La chica puso un mohín. Él volvió a acercar la silla al teclado. Ella dio un par de pasos, recorriendo el dormitorio, y de nuevo dos en la otra dirección, con las manos metidas en los bolsillos traseros de los pantalones. Salió al otro cuarto y se acercó a la ventana. Estaba pegada con tiras anchas de cinta aislante de embalar color marrón, que unían cada trozo grande de cristal con los demás y con el marco. A pesar de la reparación, el aire entraba tranquilamente por los huecos de los pedazos que se habían caído a la calle.

—Ya me contaron la hazaña... —comentó Verónica sonriendo.

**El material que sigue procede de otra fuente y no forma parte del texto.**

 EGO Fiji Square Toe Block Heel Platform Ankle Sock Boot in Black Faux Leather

—¿El qué? —gritó él desde la habitación.

—Lo de la ventana. Qué bueno. Tuvo que ser la hostia.

Álex se volvió.

—Mira, gracias por recordármelo —dijo frunciendo el ceño—. Vente para acá.

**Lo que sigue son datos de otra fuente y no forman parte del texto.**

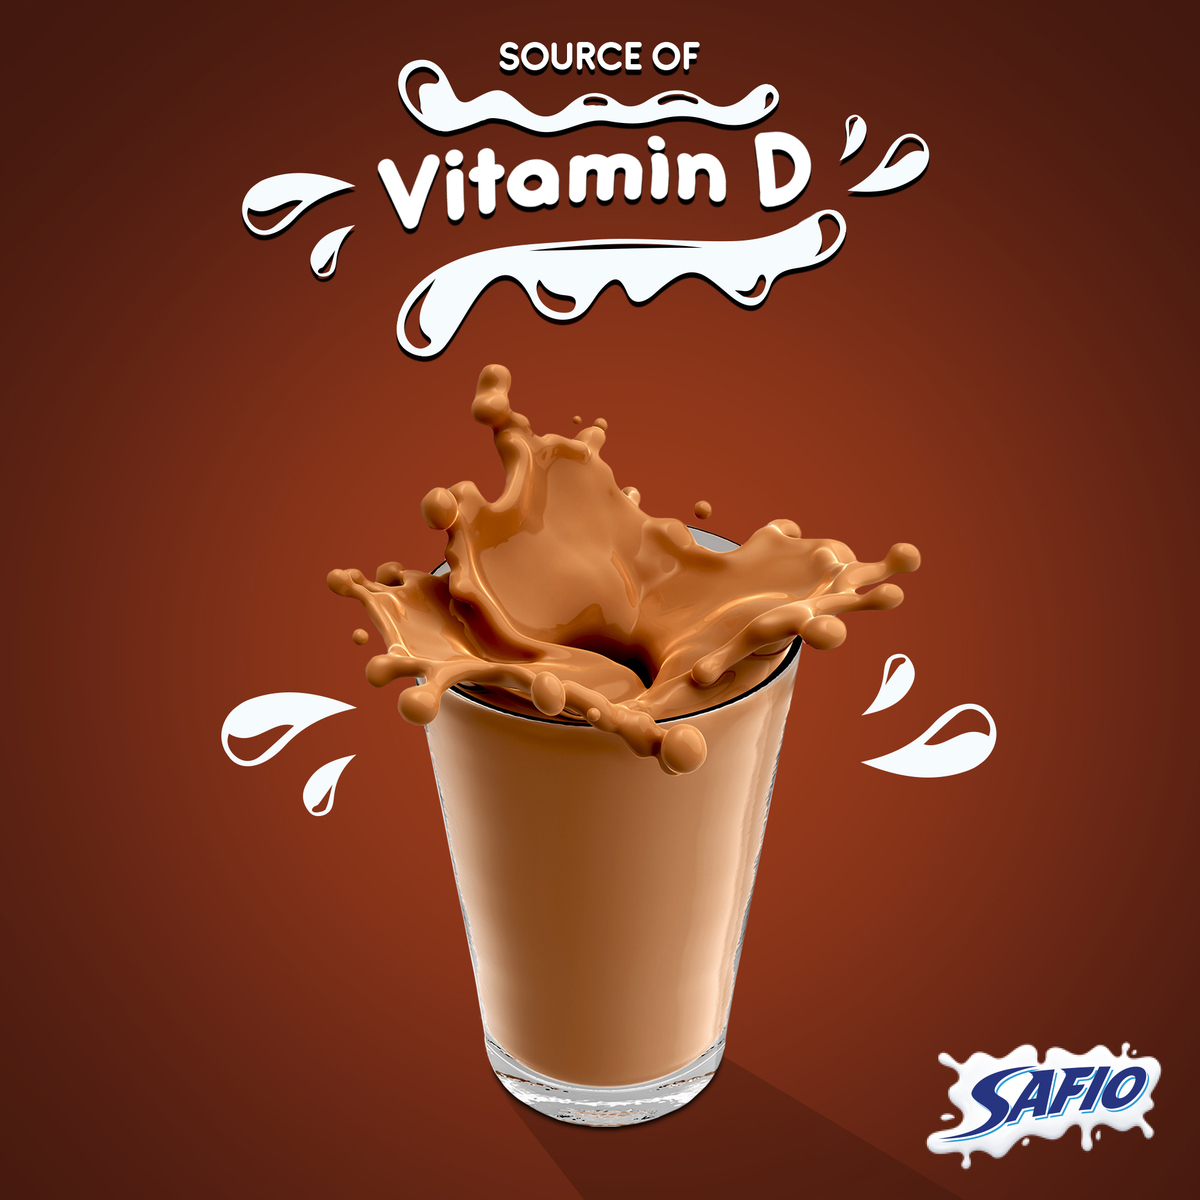 Safio UHT Milk Chocolate Flavor 6 x 125ml

—¿Qué? —preguntó con negligencia, arañando el pegamento de la cinta adhesiva. Pasó de nuevo a la otra estancia—. ¿Qué pasa?

—Pasa que esto no es un puto hotel, ¿me oyes? —advirtió con cara de pocos amigos—. Si tus amiguitas no tienen donde caerse muertas, las mandas a la casa de otro de tus rollos o te las metes en el garaje, ¿de acuerdo? Primera y última vez, Verónica. Aquí no vuelven a entrar.

Ella se encogió de hombros.

—Me dijeron que os lo habíais pasado bastante bien.

—Me la sopla lo que te dijeran. Por esa puerta no pasan más tías que las que me follo, y no tengo la menor intención de tirarme a tus amigas, por mucho que yo las ponga. ¿Estamos?

—¿Es algún tipo de promesa? ¿Según se entra, se folla? —sonrió provocativamente y se le abrazó al cuello—. Si es una promesa, ¿por qué no cumples?

Él se sintió incapaz de seguir cabreado, pero aun así se la quitó de encima.

—Verónica, tengo que acabar esto.

—¿Y por qué no lo haces luego?

—Sí, ya. Una leche. Igual que el otro día, ¿no? “Echamos uno y luego sigues currando”, y fue acabar, ponerme en el ordenador y en nada me estabas dando otra vez la vara, y al final nos tiramos toda la puta tarde dale que te pego hasta que acabé muerto y me sopé —clavó la vista en la pantalla y siguió tecleando—. No puedo pasarme del plazo, Verónica. Necesito este curro de verdad —arrugó la expresión—. ¿Cómo es que has venido tan temprano? Contaba con no verte hasta las nueve como pronto.